United Continental Holdings posted its 2021 budget last night. Capex plans by the worldwide airline include $2.65 billion in 2019, down $655 million from guidance issued by the company just two months ago. Capex spending for the three-year period is seen “close to” $2 billion — representing $390 million less than United’s January projections.
Capex spending by United’s competitors is yet to be published, so Delta, Southwest and AMR have yet to release guidance for 2021. Last month, Delta issued a 2019 forecast that included an estimate of $5.25 billion in capital spending. Southwest’s anticipated 2021 capital spending plans, as estimated by the International Air Transport Association (IATA), are said to be in the $4.5 billion to $5 billion range.
“While our investments will continue to target new aircraft technology, our focus in the years ahead will be on ensuring we continue to maximize the returns we create for our customers and our shareholders,” said Oscar Munoz, Chairman, President and CEO, in a prepared statement. “It is a priority for me and our Board of Directors to expand our opportunities and improve our competitiveness with those investments.”

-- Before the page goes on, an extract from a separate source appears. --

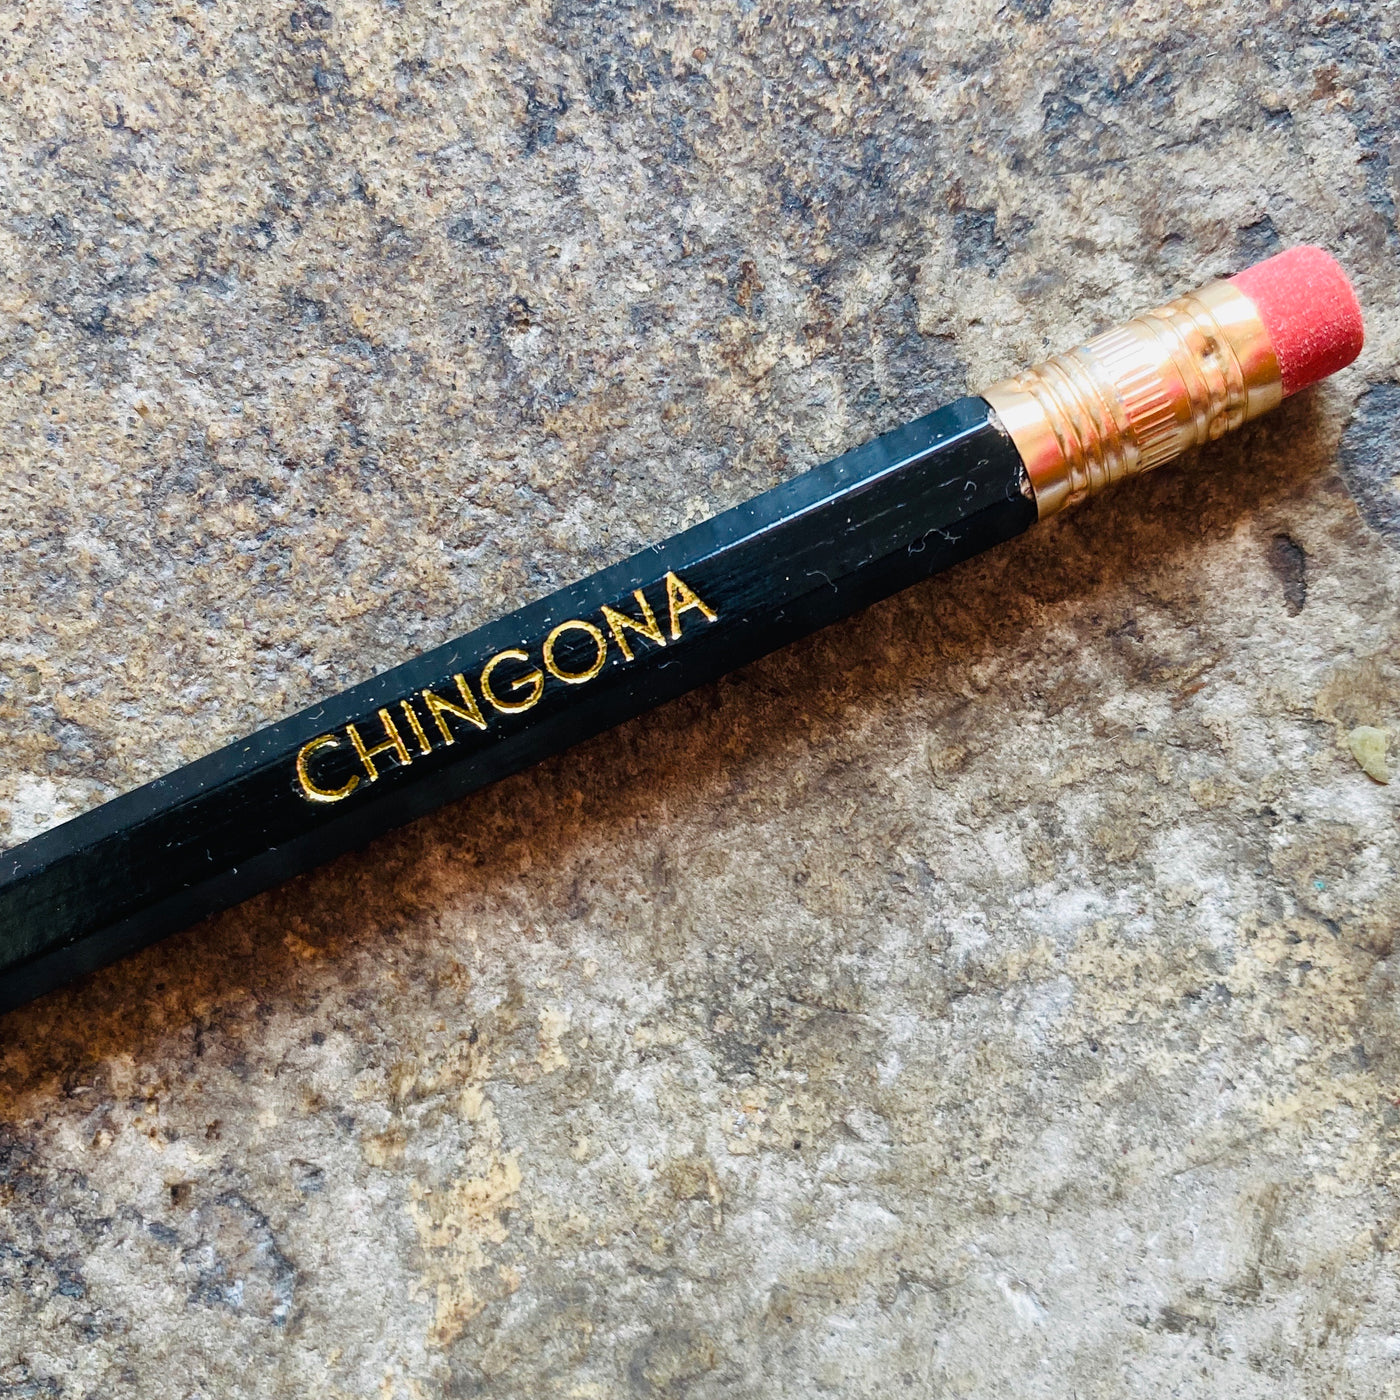 Black Chingona phrase pencil.

The previous guidance attributed to Munoz and his team also included $3.5 billion in 2022, $1.8 billion in 2023 and $500 million in 2024. In prepared remarks, Munoz stated that the company has continued to make “record investments” in its aviation technology platform, and added that these initiatives will build on the investments made in 2018.
Capex as a percentage of revenue will be 3.1 percent in 2019 and 2019 will be 4.1 percent. Capex as a percentage of passenger revenue is expected to be 3.3 percent in 2019 and 2020 will be 3.8 percent. Capex was a record high at approximately 5.6 percent of revenue for 2018.